In den Fragen bei Treumann et al. werden wie bei den Fragen der SchülerInnen häufig materielle Zeichenträger genannt. So werden z. B. bei Treumann et al. bei der Frage "Kreuze bitte an, wie oft du die folgenden Tätigkeiten ausübst" als Optionen "Musik-Kassetten aufnehmen", "Hörspiele, die du selbst gestaltest, auf Kassette aufnehmen", "Radiosendungen moderieren" und "Einen Film drehen (Video, Super 8)" (Treumann et al. 2007: 724) angeboten. Unter "Kreuze bitte die drei Medien an, die Dir am wichtigsten sind", werden Fernsehen, Radio, Bücher, Zeitschriften, Kassettenrekorder/CD-Player, Videorekorder, Walkman/Diskman/Minidiscman, Computer bzw.

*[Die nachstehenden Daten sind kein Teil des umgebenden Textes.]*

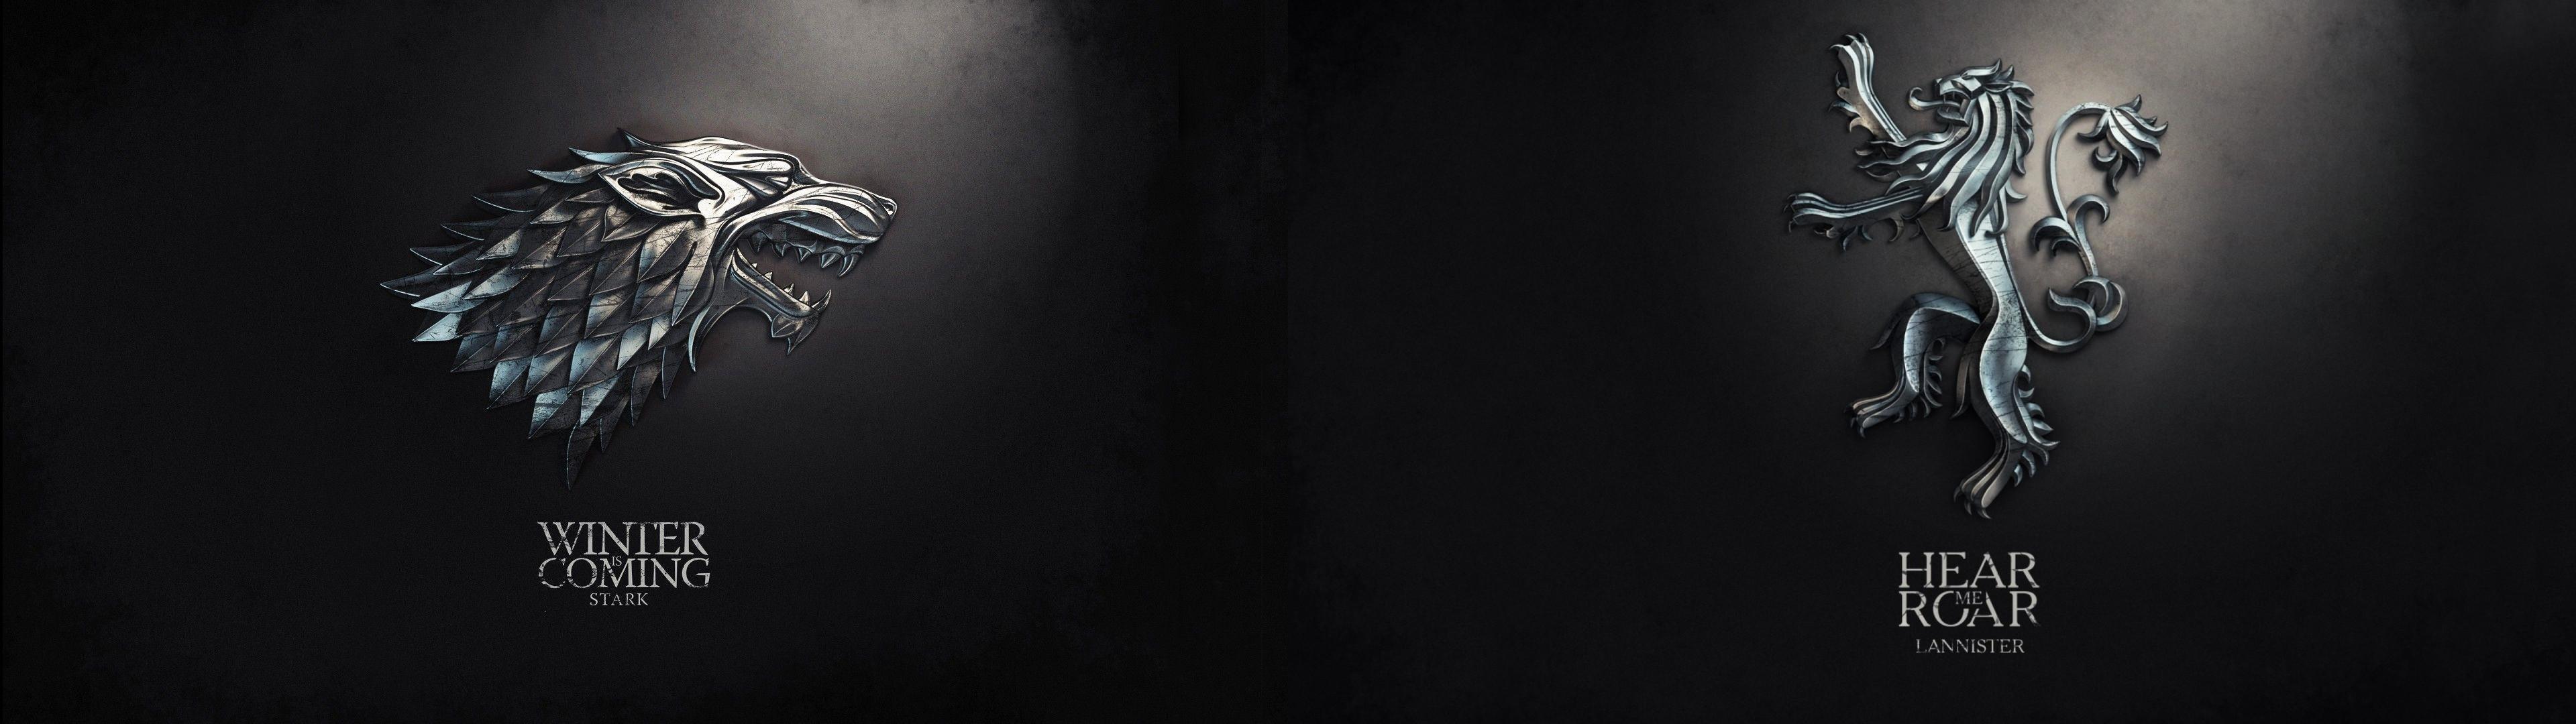 Dual Screen Wallpaper 3840X1080 Batman 3840x1080

PC und Handy als Optionen angeboten (Treumann et al. 2007: 728). Wie bei den SchülerInnen ist der Medienkompetenzbegriff damit auf aktuell verbreitete materielle Zeichenträger bezogen. In beiden Fällen kann damit ein Bezug des Medienkompetenzbegriffs auf die jeweils gegenwärtige Lebenswelt konstatiert werden, der für die Operationalisierung erforderlich ist. Damit wird umgekehrt die Problematik der Operationalisierung des Medienkompetenzbegriffs deutlich: Die meisten der bei Treumann angegebenen Geräte haben die SchülerInnen nicht genannt. Das ist vermutlich darauf zurückzuführen, dass die Geräte im Alltag der SchülerInnen nicht vorkommen. Umgekehrt werden bei Treumann keine Smartphones und keine Computerspielkonsolen genannt. Ersteres ist nicht darauf zurückzuführen, dass es zum Zeitpunkt der Entwicklung des Instruments von Treumann et al. keine Smartphones gab, sondern dass diese Geräte noch sehr teuer waren, von SchülerInnen kaum genutzt und auch anders bezeichnet wurden. Nicht erklärlich ist das weitgehende Fehlen von Spielkonsolen im Instrument von Treumann et al.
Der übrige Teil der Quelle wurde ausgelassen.